Missed Deadline and Unreliable Figures
The town — and the BOF — remain in a state of financial limbo as Finance Department staff continue to review and reconcile Wilton’s finances, which have been unsettled for at least the past year. It remains unclear exactly what went wrong or when, but issues involving process, staffing and complications in migrating financial software have continued to build during Boucher’s tenure.
The BOF had originally hoped to hold a public hearing on the Board of Education budget on Mar. 18, and a public hearing on the Board of Selectmen budget on Mar. 25. But Town Hall officials did not submit an approved public notice document in time to meet the filing deadline requiring 10 days of advance notice.
On Mar. 13, Birch told GOOD Morning Wilton, “After consultation with town counsel, we could not send the notice earlier than Monday,” he said. “So the meeting dates will be changed to the 26th (BOE) and the 30th (BOS) to avoid a Friday or weekend meeting.”
In an effort to streamline the revised document — which serves as notice for the public hearings now scheduled on Mar. 26 and Mar. 30 — the board omitted details for Fiscal Years 2024 and 2025, confirming the Town Charter did not require those figures to be included in the notification.
“It’s just a means by which we can distance ourselves from some of the numbers we don’t agree with until we can allow ourselves to recast,” BOF Chair Tim Birch said.
He was adamant that, given the lateness of the hour on Sunday, the BOF didn’t have time to thoroughly review all of the numbers Savo had provided and still meet the new deadline to publish the meeting notice announcement the next day, Monday, Mar. 16.
BOF member Kim Healy was the lone member who sought to include all the numbers that had been provided, but wanted them updated for accuracy.
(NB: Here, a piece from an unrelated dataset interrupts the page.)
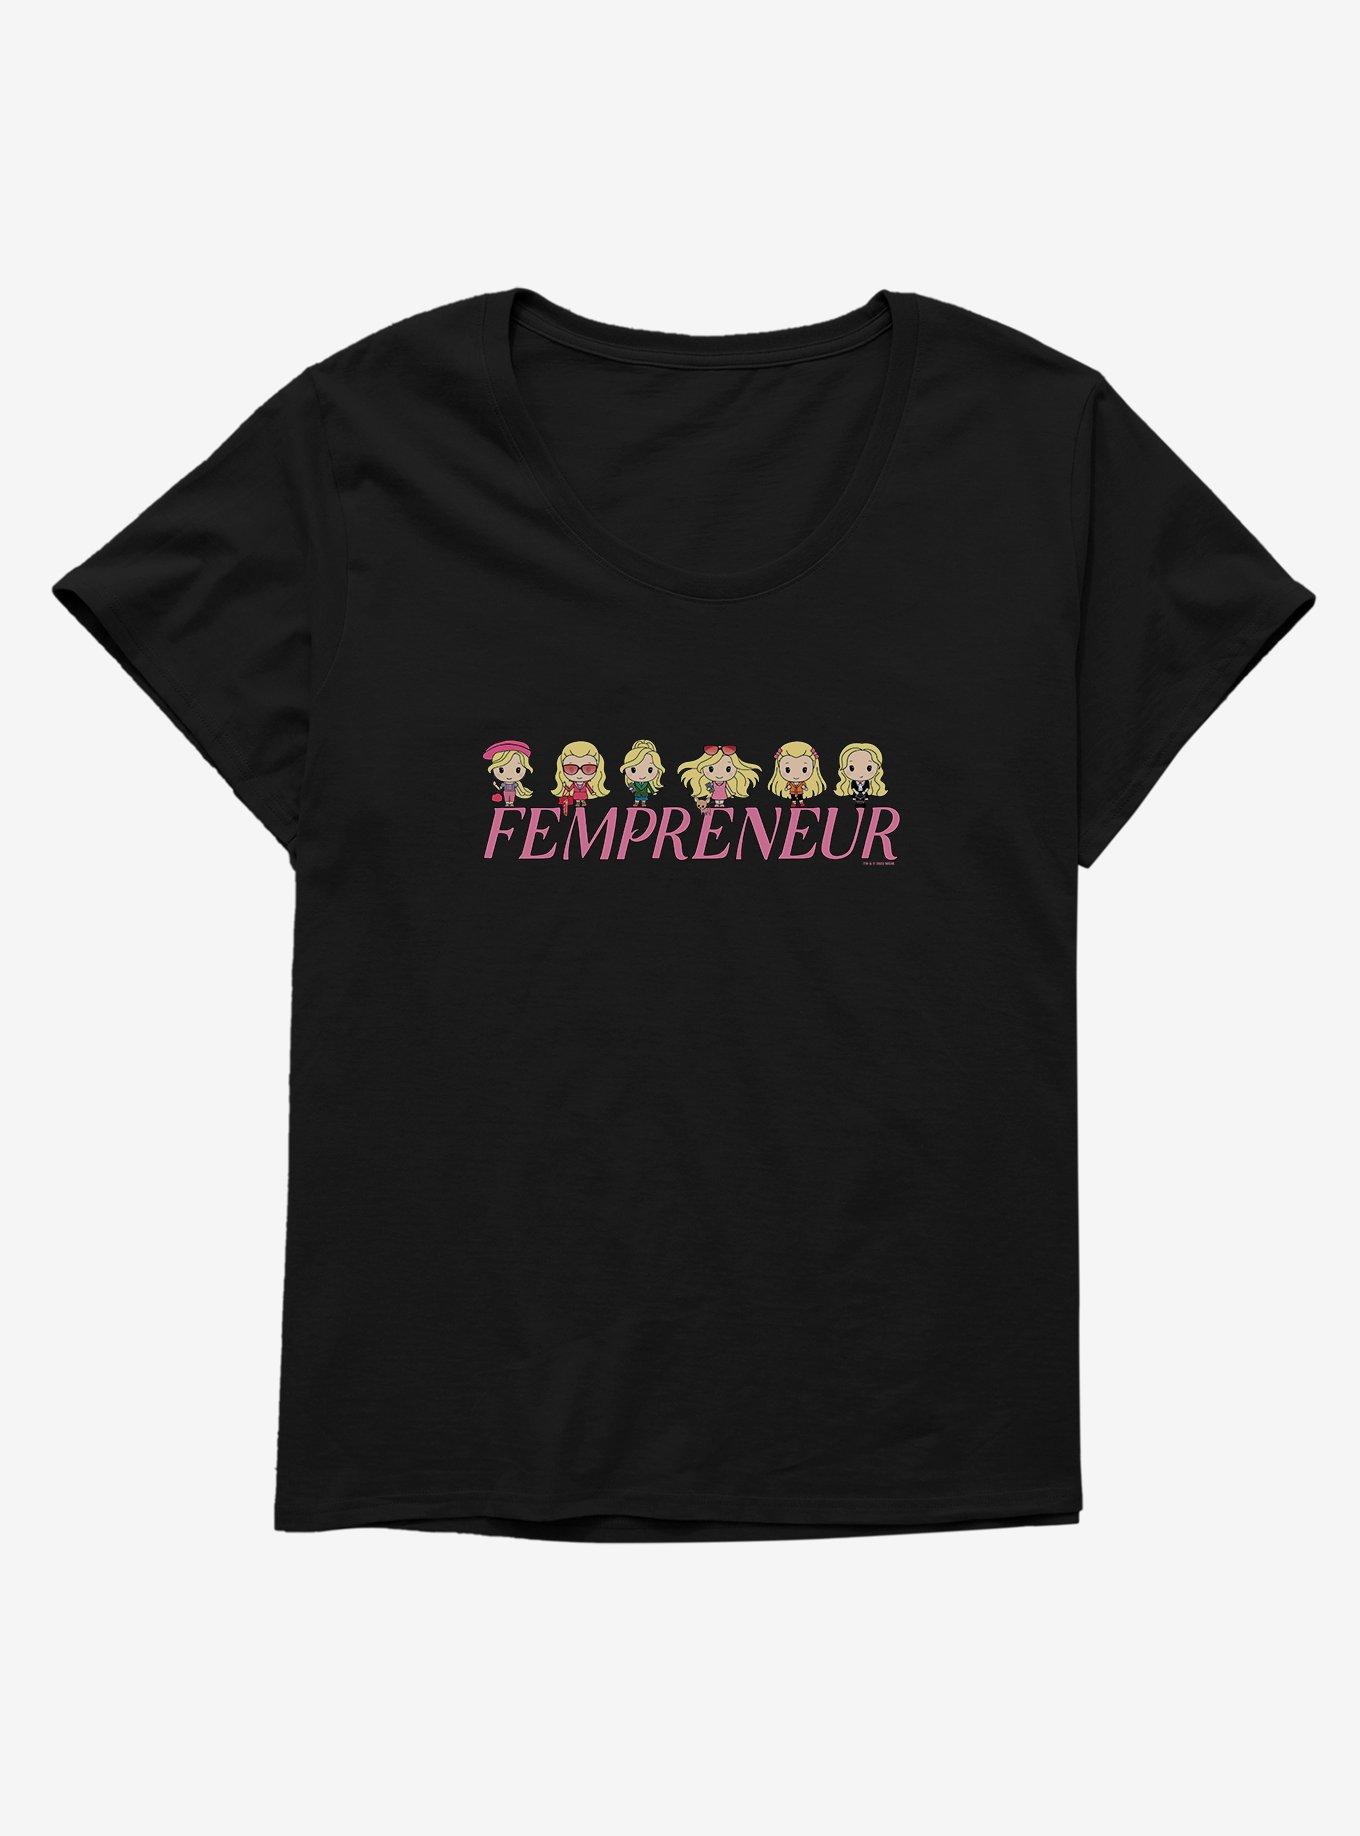 Legally Blonde Fempreneur Womens T-Shirt Plus Size, , hi-res

She presented some of the corrections and suggested they post those revised figures.
“I am definitely of the mind that you provide more, but you provide accurate numbers … I just think we need to clean this up a little bit,” Healy said.
“Fiscal ’24 are the only numbers I feel comfortable relying on since we have no comfort in ’25 or ’26 numbers,” she said.
The hearings will be held at 7 p.m. on each night at the Middlebrook School auditorium.
The Board of Selectmen is scheduled to meet tonight, Monday, Mar. 16, at 7 p.m. in person at Comstock Community Center and via Zoom. There is no scheduled budget discussion on the board’s published agenda.